Run out of time - and I had so much to share too....
Hey ho. Here's a whistle stop summary.
The Gills won. (Score flatters to deceive and the home crowd want a constant fight with the stewards). Andy Hamilton was average. (He should stay as 'Old Harry' in my mind - far too much recycled material)
Both events made me wonder what audience I should really sit in as I felt as if I did not belong in either.
My new musical purchases have kept me occupied.(Sasha - Invol2ver & Oakenfold's Greatest Hits & Remixes) As has a rather rejuvenating wander through my C-D collection. Ah. I love Placebo. As I have grown up so have they - and boy do their songs reflect a moment in time... 'Lady of the Flowers', 'Ask for Answers', 'Brick Shithouse', 'Infra-red' etc etc...
Have decided the antidote to 'feeling' alone is to keep 'doing' stuff - to think about real problems/issues. Rather than the what ifs. (Ah but not work related ones. Work is something I very much trying to blot out. I keep dreaming of periphery soon to be central people and it gives me an uneasy sense).

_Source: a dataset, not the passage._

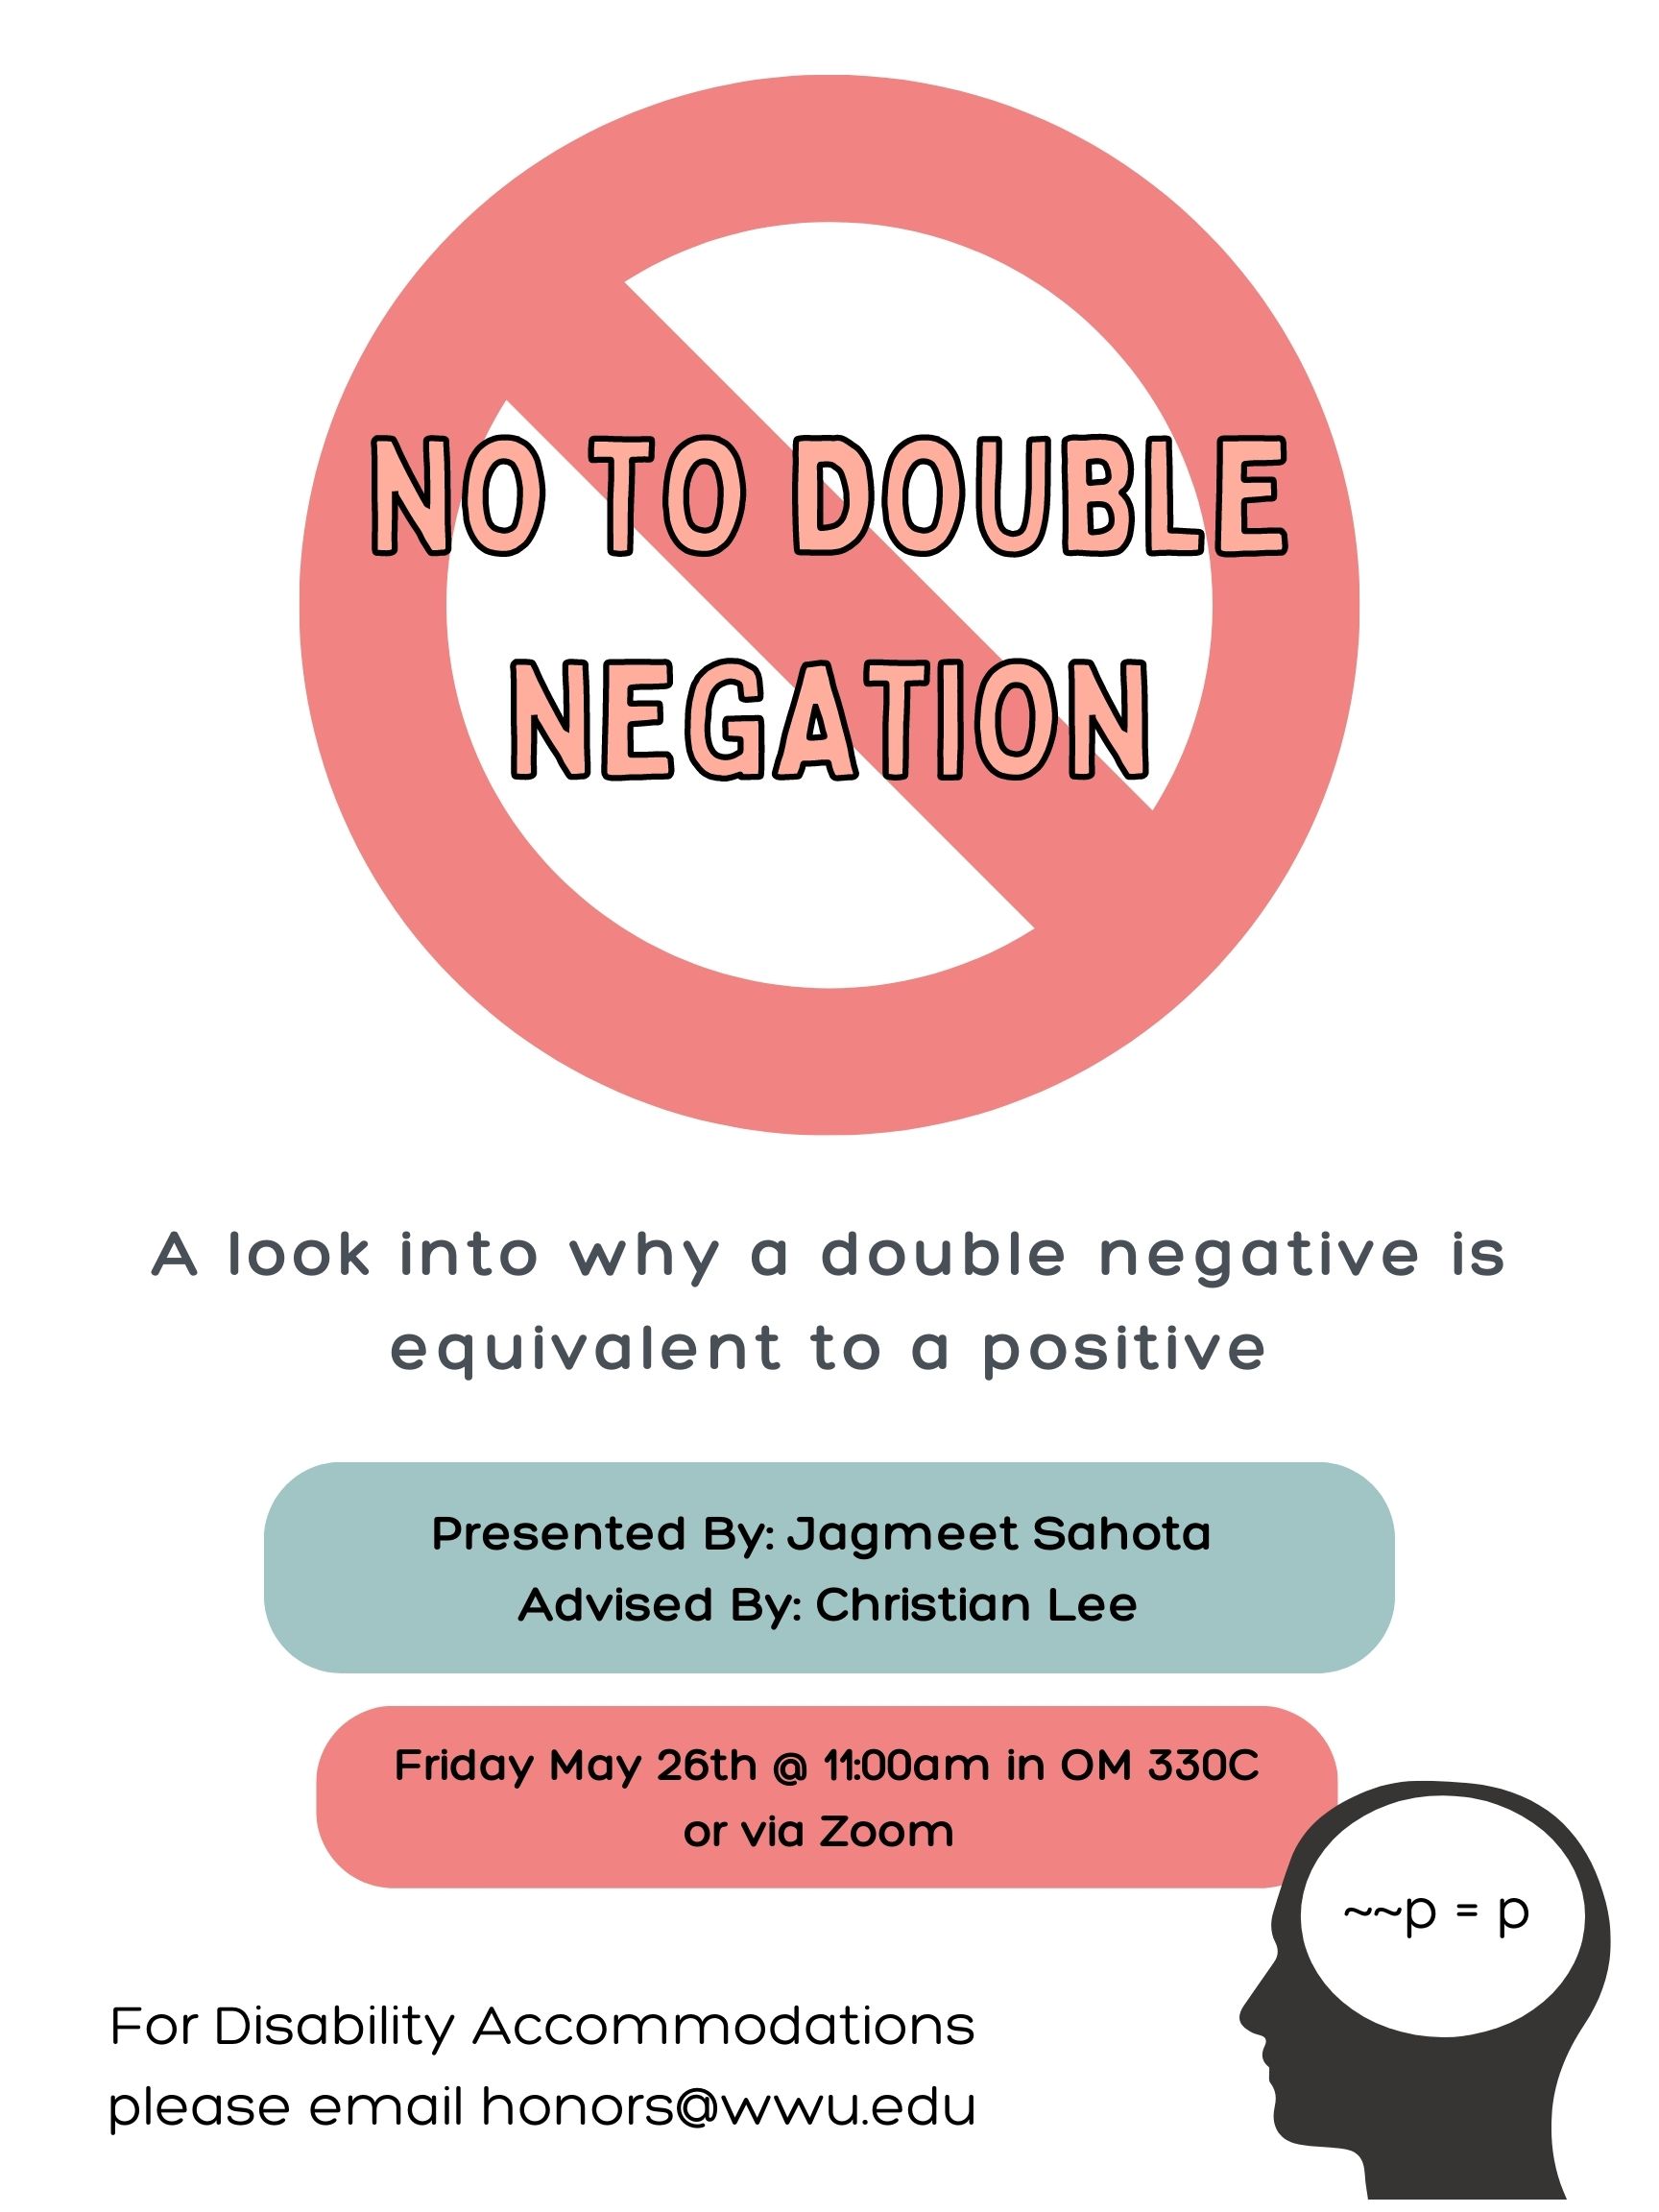 A white poster with a red no symbol, two colored boxes, and a silhouette of a person's head with text that reads "~~p = p." Other text reads: “No to Double Negation: A look into why a double negative is equivalent to a positive. Presented By: Jagmeet Sahota, Advised By: Christian Lee. Friday May 26th @ 11:00am in OM 330C or via Zoom. For Disability Accommodations please email honors@wwu.edu”.

Thursday and Friday were odd days, but I cannot be selfish and absorbed by own 'feelings', for once those that Sparky are about to experience are far more important and I have to be strong and as there for him, as anyone who is half way round the world can be...I have shed many a tear over the last 8 days. An article in the Observer had me in tears on the tube. Texts from my bro. Items on TV. Goodbyes. Must go's. No regrets. Lingering kisses and holding on so tight to make it last longer. The lurch in the stomach as words are said. No regrets.